First of all, | and || are different operators.

| is the bit-wise OR operator which does an OR on every bit and you get the result of that.

|| is the logical OR operator which returns true if the left side is true or the right side is true, false otherwise.

In case of bit flag, you should use |, like O_RDONLY | O_WRONLY

B: To indicate different options we use bit flags (rather than characters or integers) in order to save space.

I think that this phrasing is a bit missleading, to be honest. The nice thing about bit flags, is that you can pack in a single int, mostly 32 bit long, up to 32 different values that have a ON/OFF semantic. So the function that takes these kind of options, only has to use a single int to get multiple options from the caller because the single bits represent such a on/off property. If the bit is 1, then the propery is ON, otherwise OFF.

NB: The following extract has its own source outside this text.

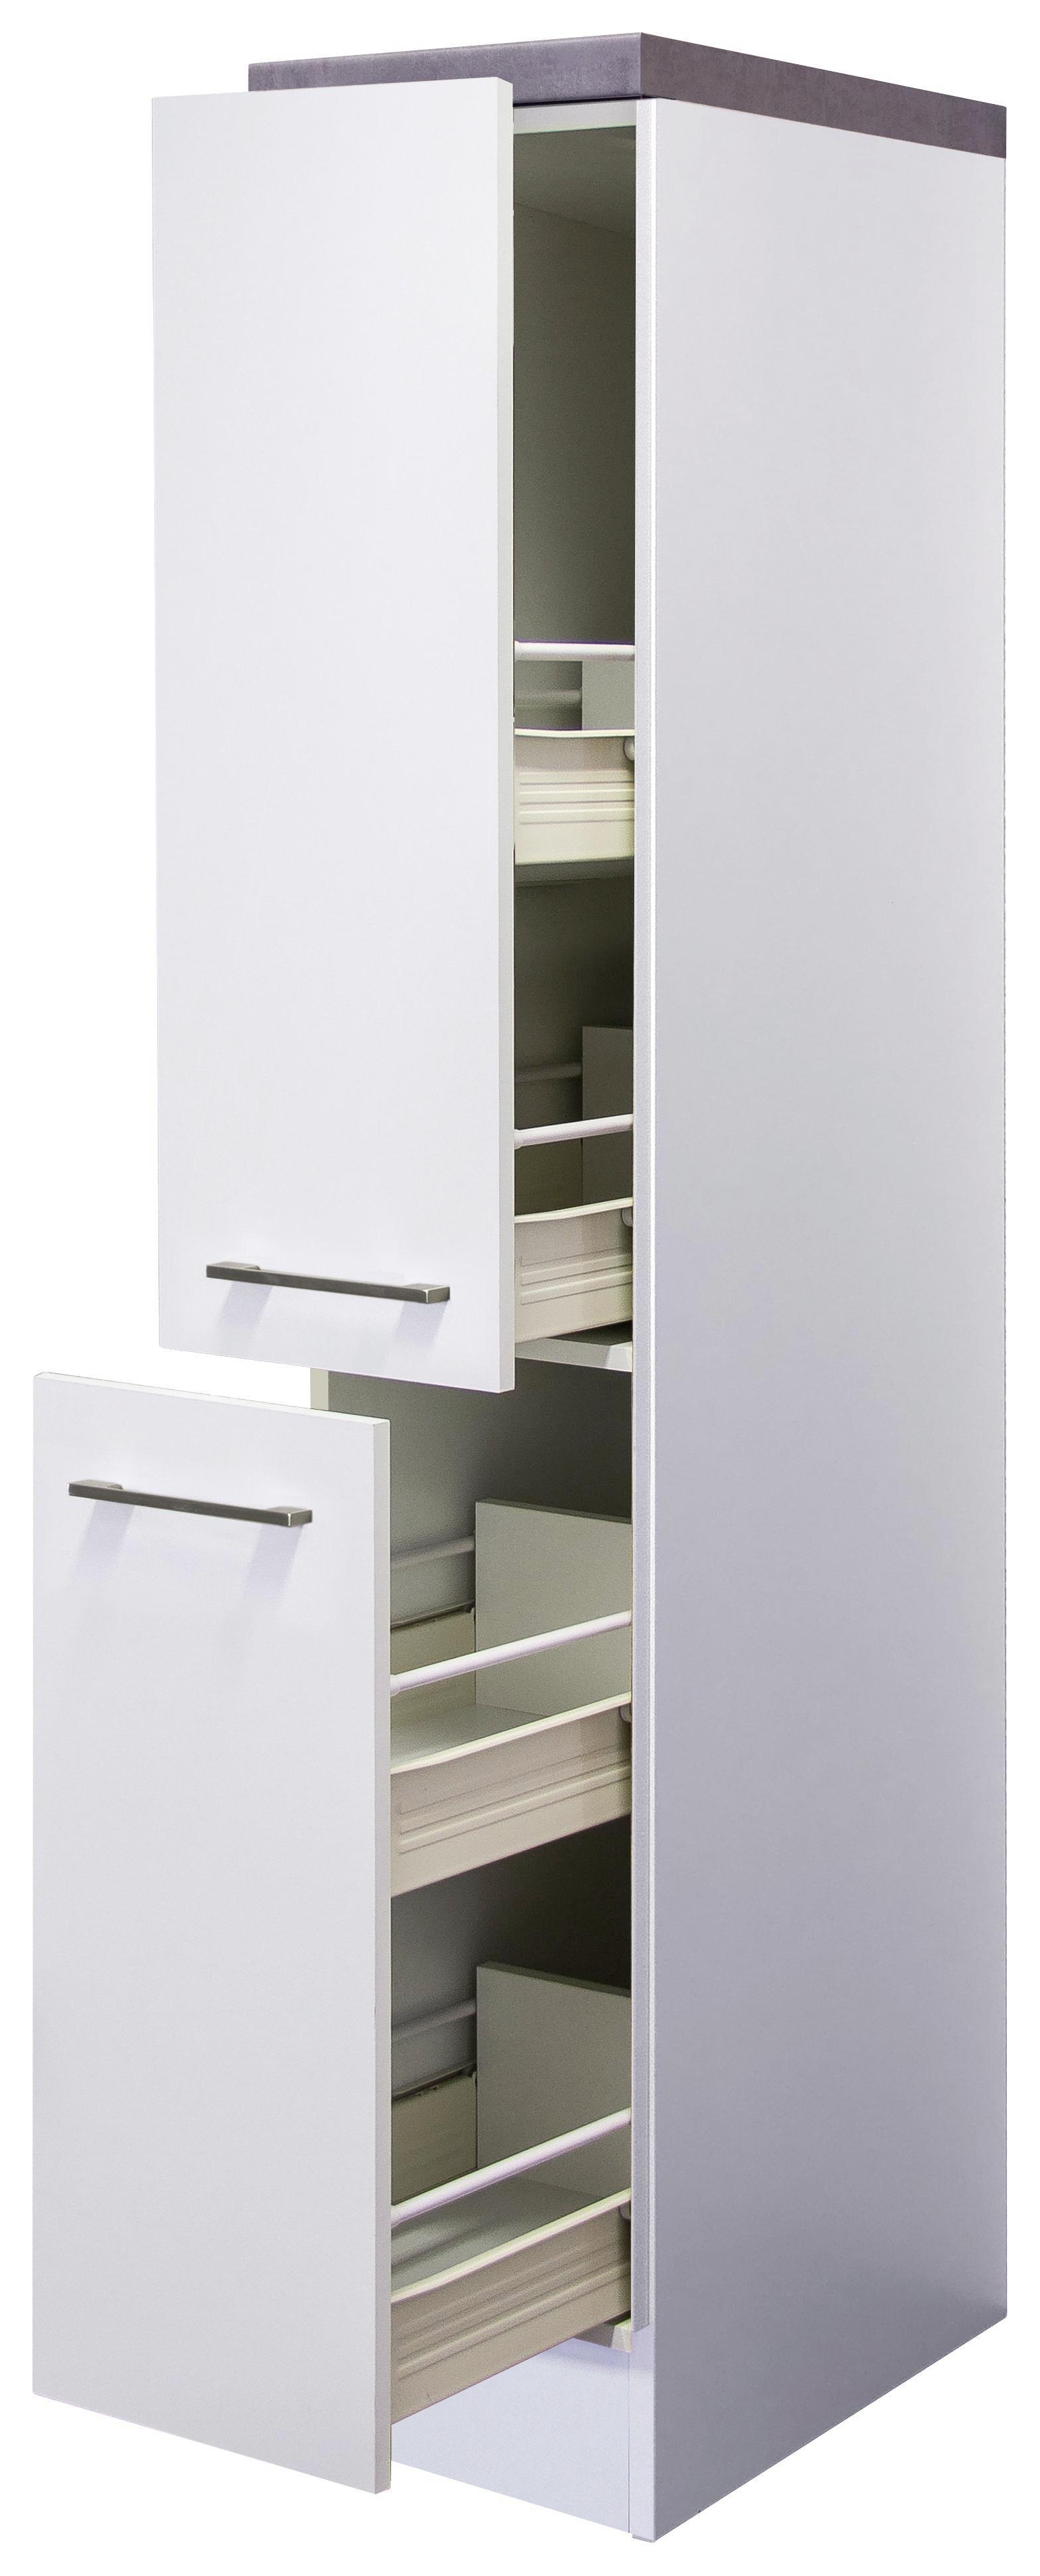 ikea küchenmöbel apothekerschrank | unterschrank 30 cm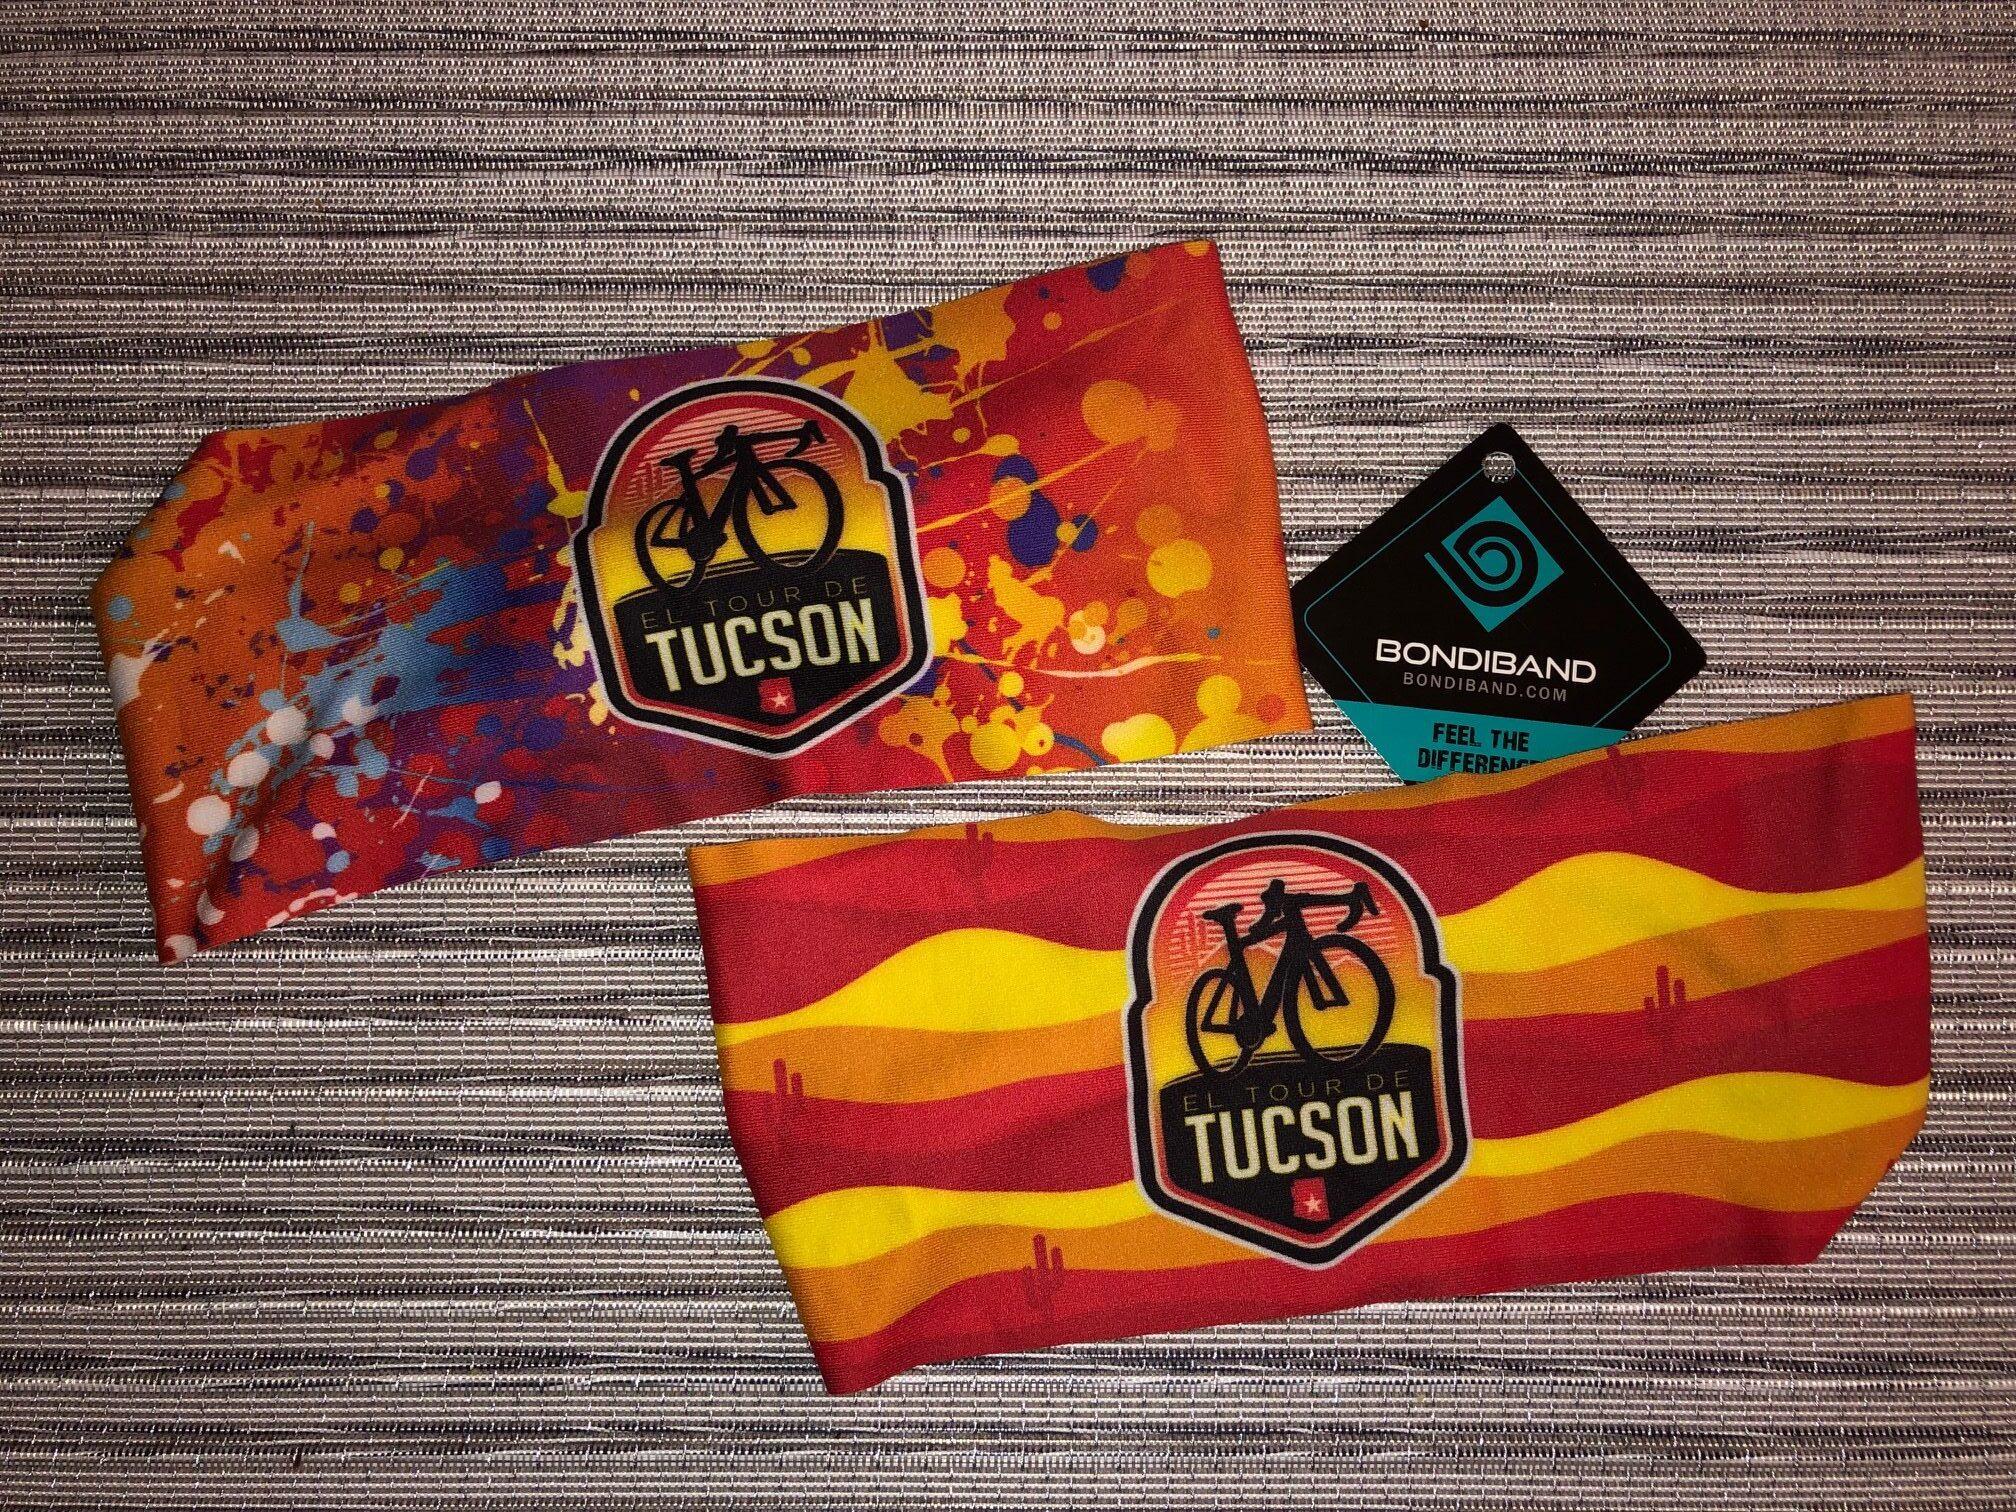 El Tour BondiBand Moisture Wicking Headband – 2 Pack

In constract, when you don't use bit flags, the function would have to take a separate variable for every options and if you have many options, you would need a lot of variables in the function declaration. So you can "save space" if you use bit flags instead.

Consider this:

// lot's of other has_property_x cases

int somefunc(int has_property_a, int has_property_b, int has_property_c, ...)
{
    if(has_property_a)
        do_something_based_on_a();
    if(has_property_b)
        do_something_based_on_b();
    ....
}

void foo(void)
{
    somefunc(1, 1, 0, 1, 1);
}

This is not very efficient, it's hard to read, it's a pain in the butt to code, overall not a good design.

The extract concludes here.